> [Entries supplied]
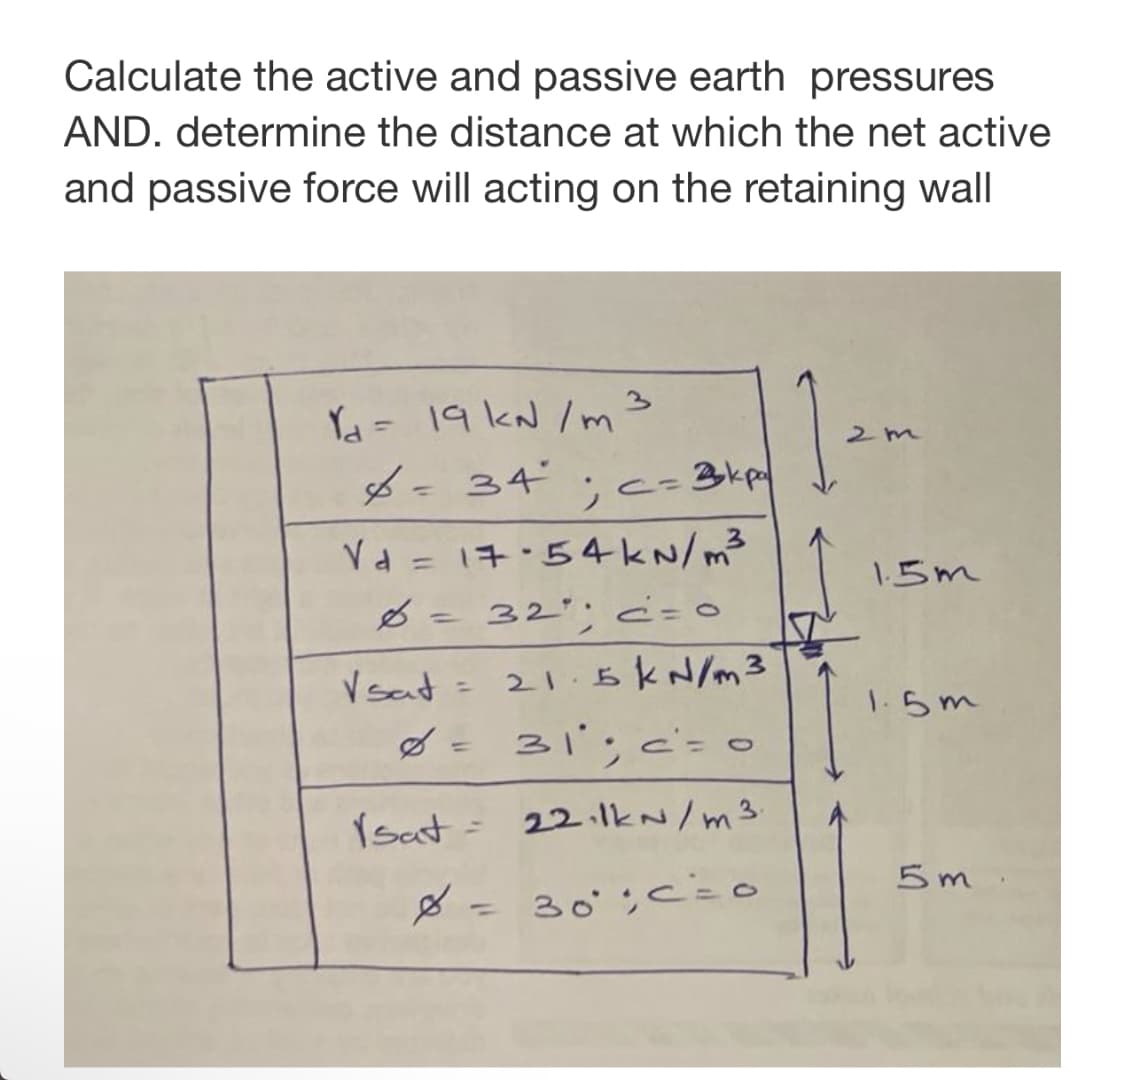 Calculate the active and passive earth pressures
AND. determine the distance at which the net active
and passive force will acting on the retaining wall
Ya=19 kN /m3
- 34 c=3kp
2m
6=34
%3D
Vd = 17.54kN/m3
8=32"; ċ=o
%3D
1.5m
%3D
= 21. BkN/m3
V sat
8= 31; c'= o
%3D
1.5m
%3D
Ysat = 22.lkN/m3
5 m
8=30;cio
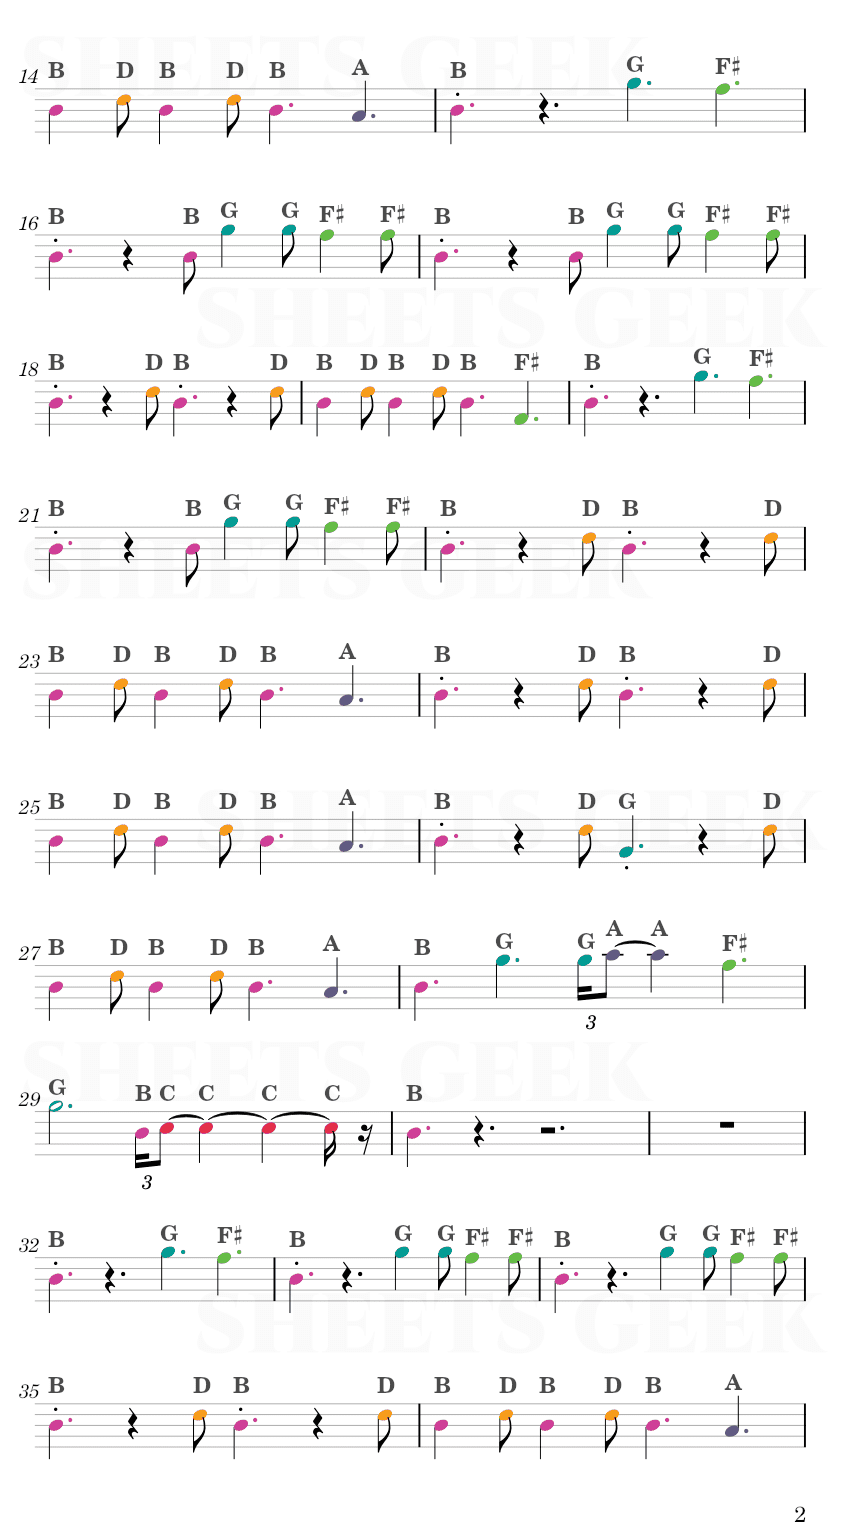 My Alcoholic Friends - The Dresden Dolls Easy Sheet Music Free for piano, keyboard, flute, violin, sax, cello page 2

> [What is expected] Above are the records; copy every one of them exactly and omit the images.

> [Solution]
 Calculate the active and passive earth pressures
AND. determine the distance at which the net active
and passive force will acting on the retaining wall
Ya=19 kN /m3
- 34 c=3kp
2m
6=34
%3D
Vd = 17.54kN/m3
8=32"; ċ=o
%3D
1.5m
%3D
= 21. BkN/m3
V sat
8= 31; c'= o
%3D
1.5m
%3D
Ysat = 22.lkN/m3
5 m
8=30;cio
 My Alcoholic Friends - The Dresden Dolls Easy Sheet Music Free for piano, keyboard, flute, violin, sax, cello page 2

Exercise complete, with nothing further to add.